The facility has six beds with two additional step-down beds (for recovering patients). Currently it has equipment like a cardiac monitor, a ventilator and a defibrillator.

“We had postponed the opening of the ICCU to December 15 since we were yet to gets some drugs and furniture. But after the death of a colleague from cardiac arrest on Tuesday, we thought it was best not to delay it any further. The charges for availing the ICCU facilities will be fixed in a day or two but it is sure that these would be quite less than rates charged by nursing homes. The pending requirements of drugs and furniture too, shall be fulfilled this week,” said Saibal Gupta, the NBMCH superintendent.

The ICCU, Gupta said, will be manned by two senior doctors and six medical officers from the cardiology department.

“They will be assisted by the residential medical officer, medical officers and house staff of the medicine department. Two nurses and Group D personnel will be present for each shift of seven hours. We have also placed requisition before higher authorities to appoint two specialist doctors and five medical officers for the ICCU. Some costly and sophisticated equipment are needed for which a proposal has also been sent,” Gupta said. However, as of now, no patient has been admitted to the ICCU.

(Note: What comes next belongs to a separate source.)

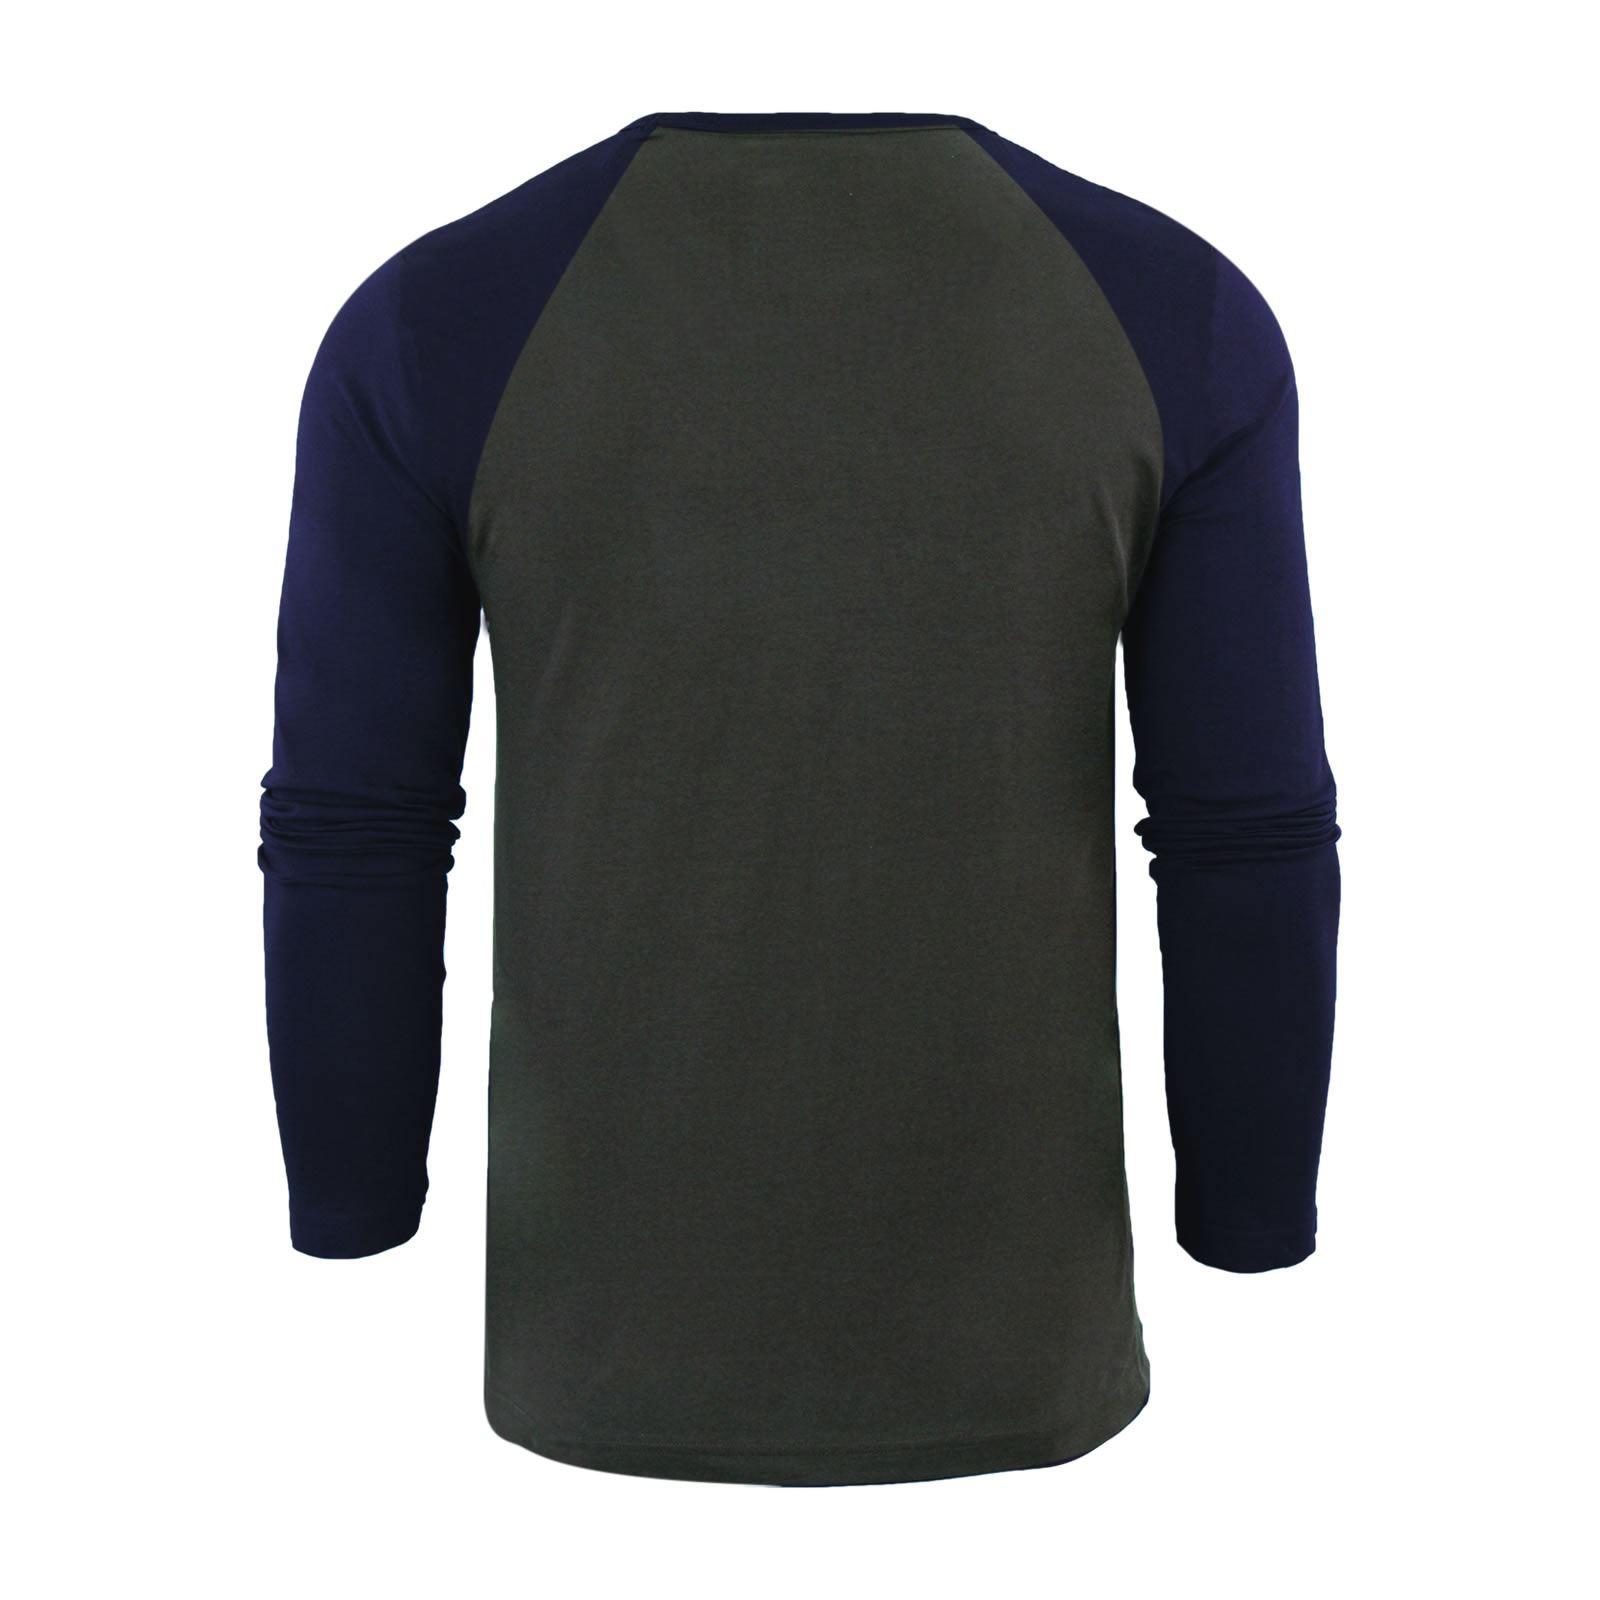 FOGGI Damenbluse Bluse Tunika T-Shirt Top Longshirt Oberteil 34-36 #F298

Dr Mukhopadhyay suffered a cardiac arrest at his quarters 30ft from the NBMCH emergency ward around 12am on Tuesday. He was rushed to emergency and shifted to the ICU. The doctor, however, died at 1.15am.

“After his death, we were not ready to take anymore excuses from the authorities and met the principal, superintendent and deputy superintendent yesterday, demanding the immediate opening of the ICCU. They considered our demand and the ICCU started functioning from the evening,” Sarkar said.